PROBLEM TO SOLVE:
Would you please copy only the lines from the line that contains "2018 cat calendar" to the end of the data below, exactly, leaving every picture out?

DATA SEGMENT:
————————

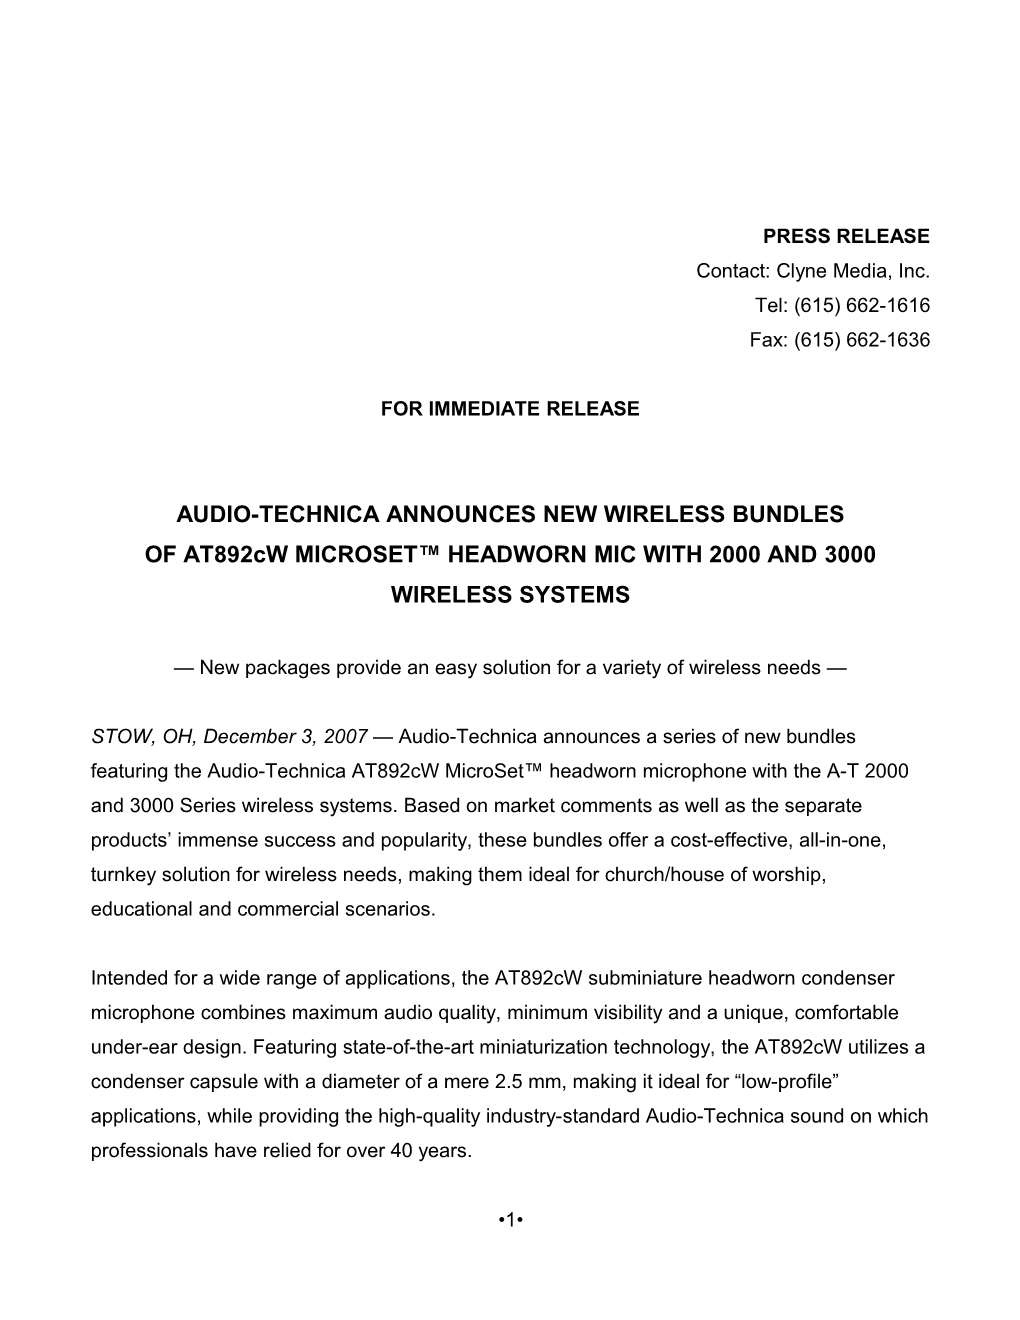 Audio-Technica Announces New Wireless Bundles
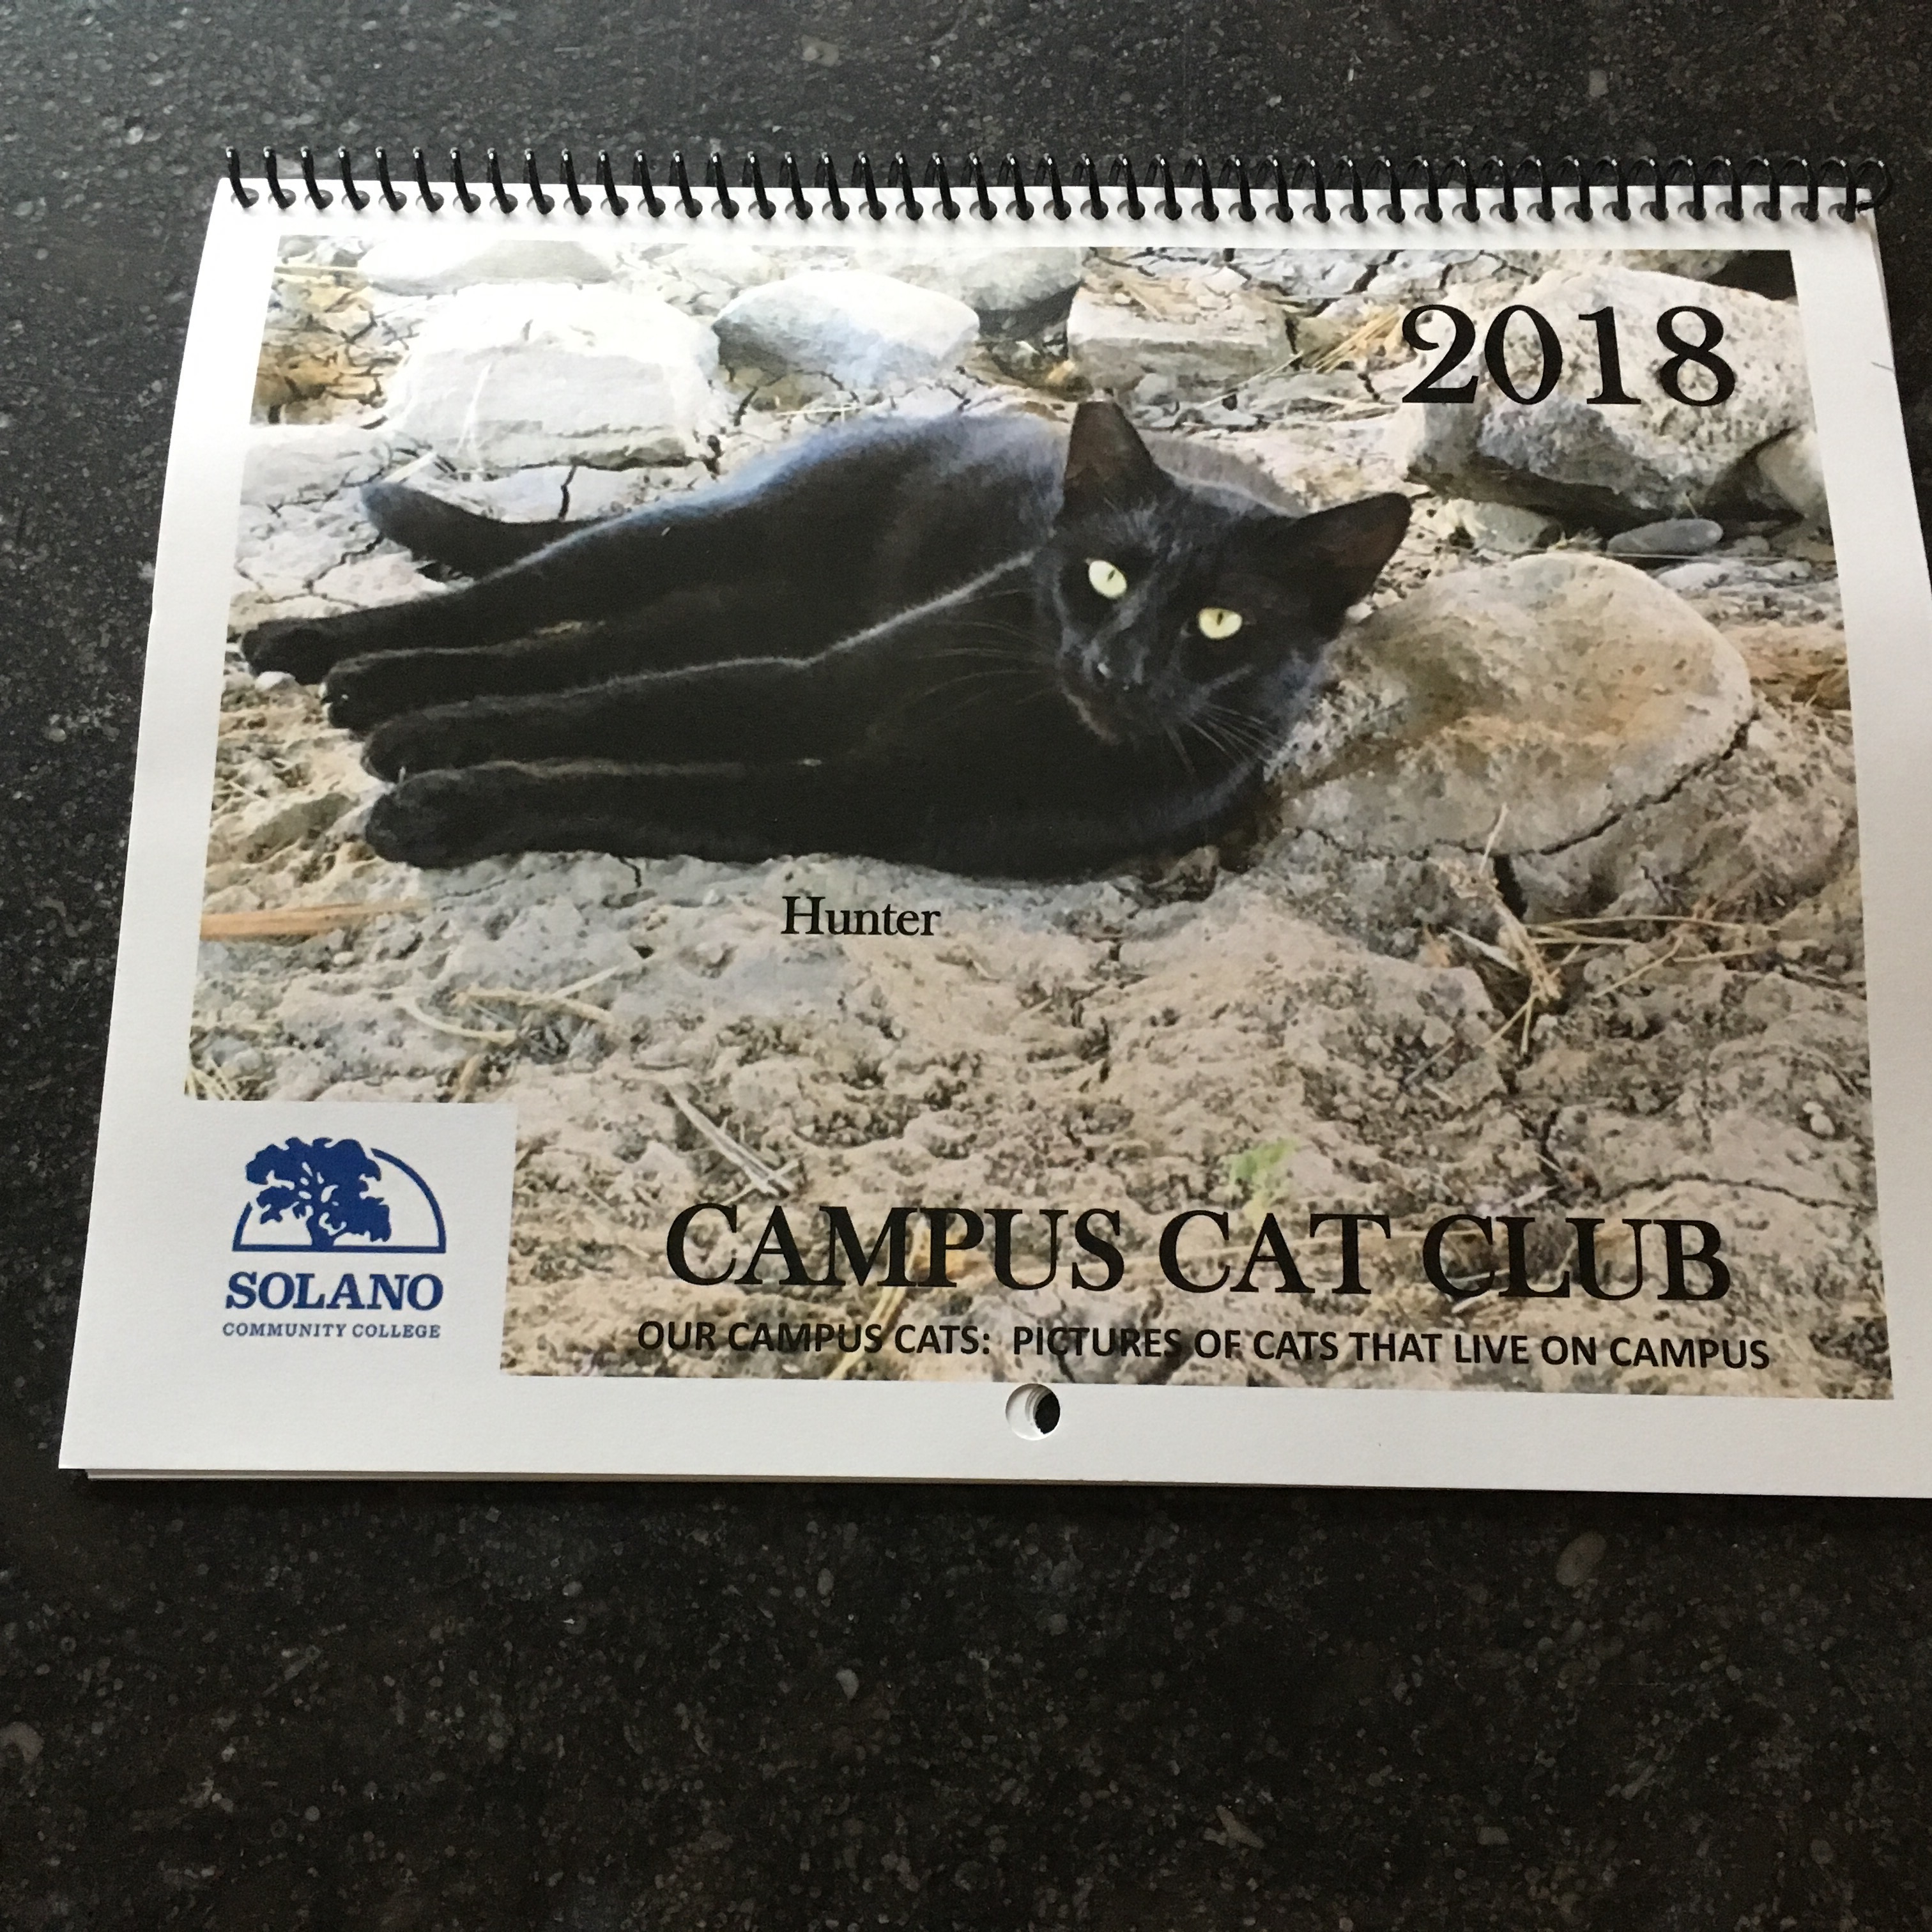 2018 cat calendar
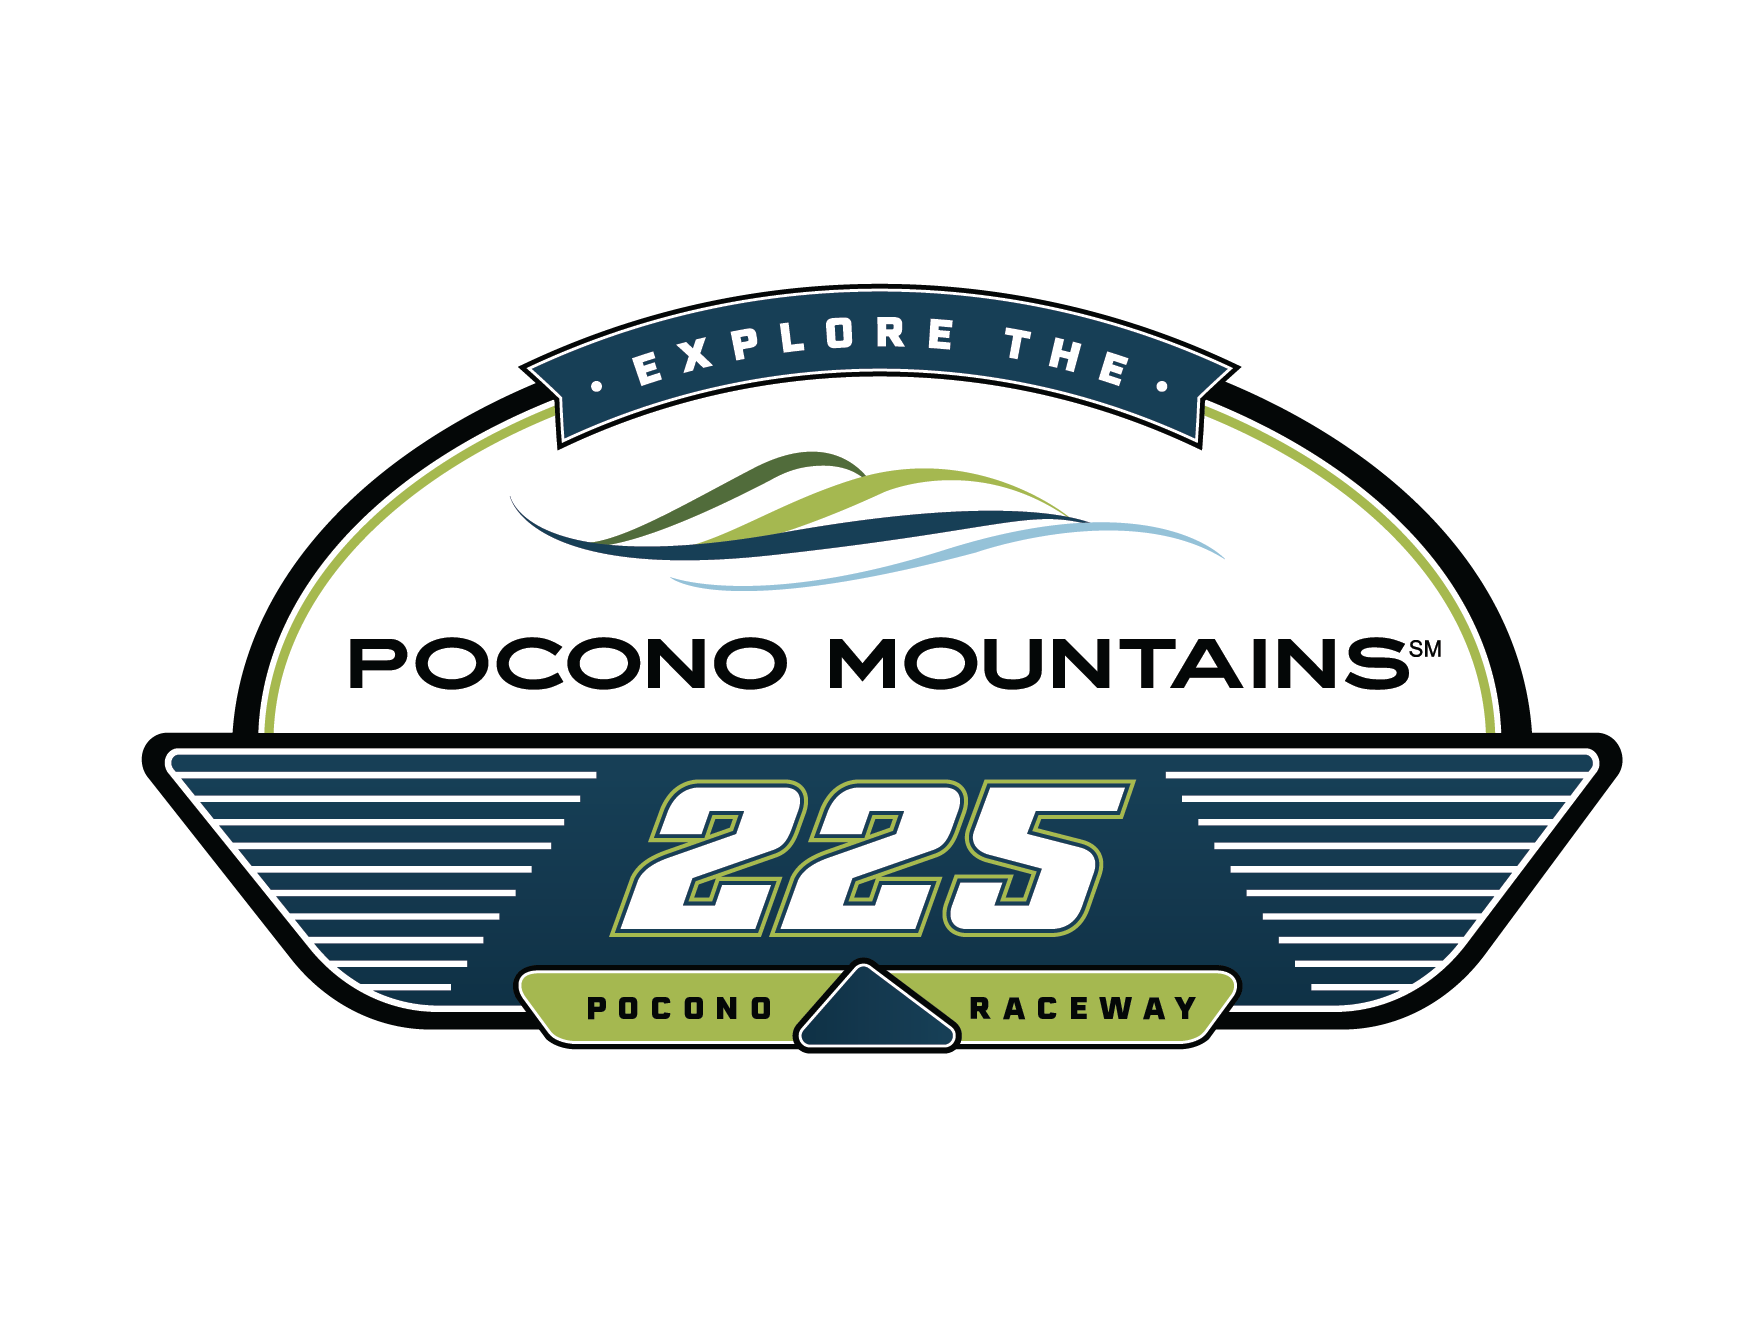 Explore The Pocono Mountains 225
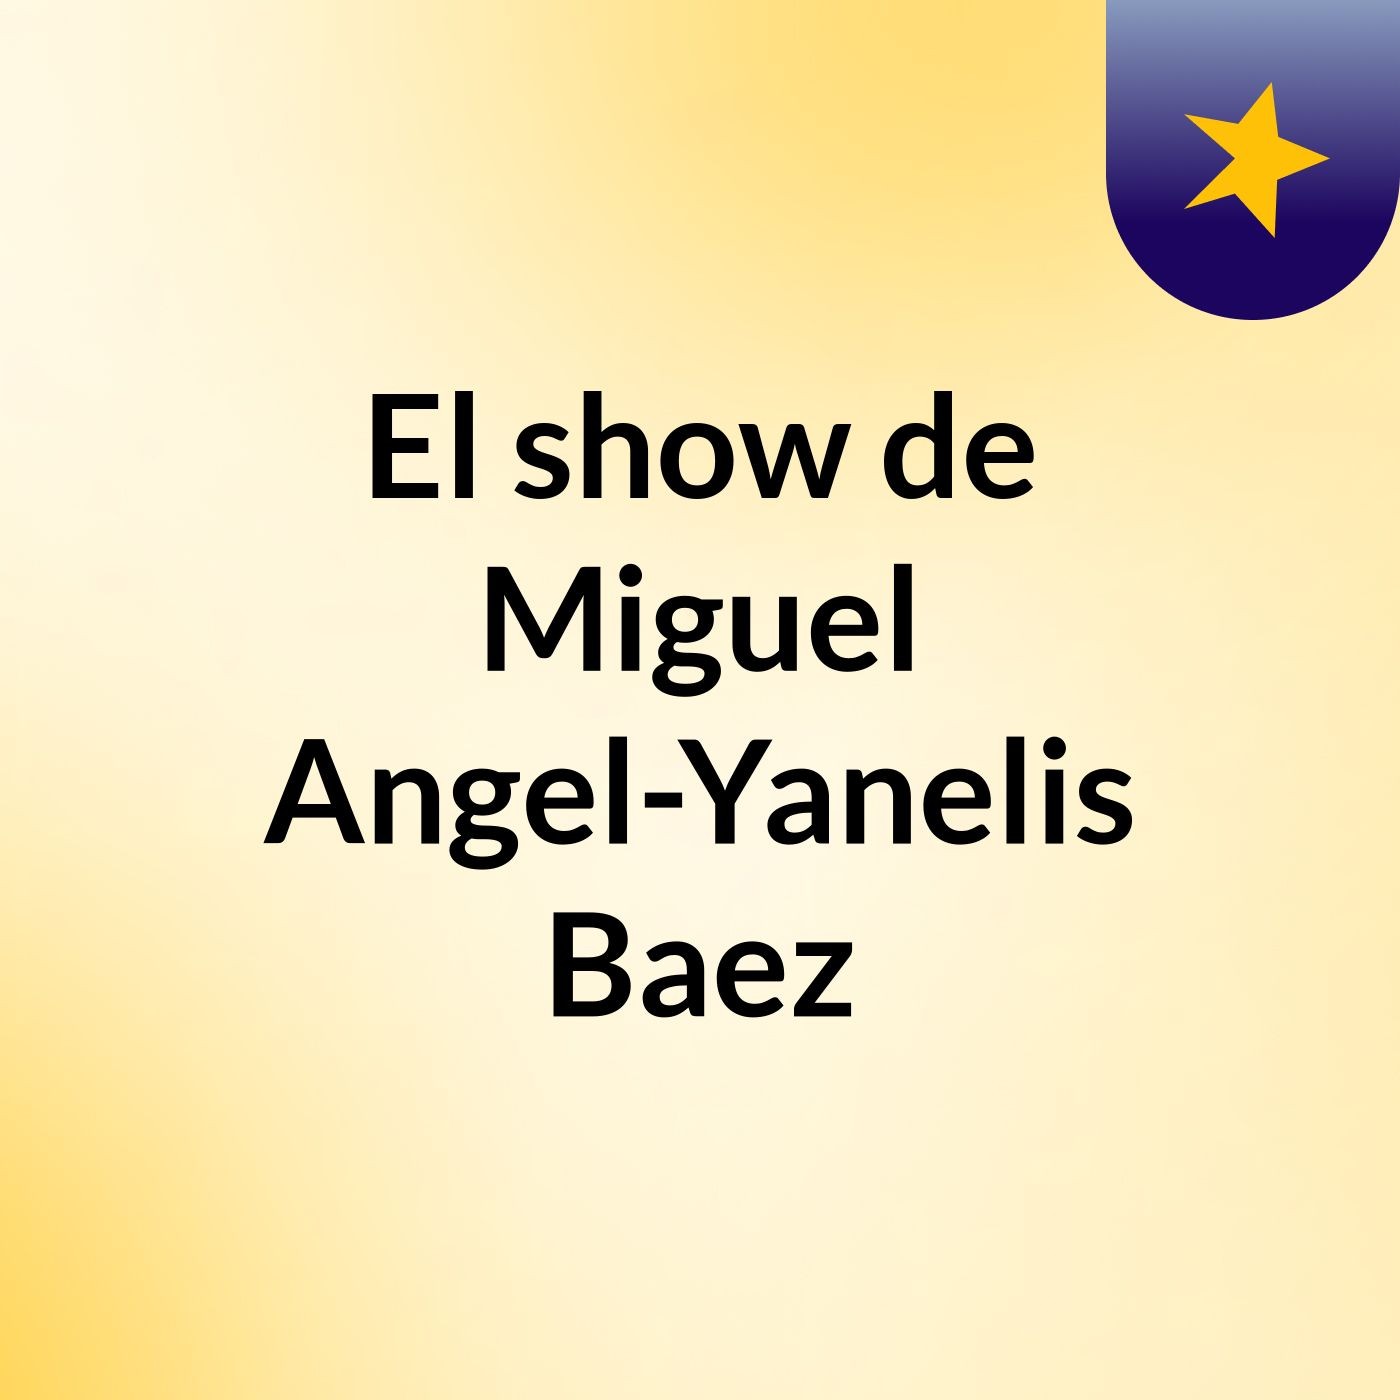 El show de Miguel Angel-Yanelis Baez

————————

TASK RESPONSE:
 2018 cat calendar
 Explore The Pocono Mountains 225
 El show de Miguel Angel-Yanelis Baez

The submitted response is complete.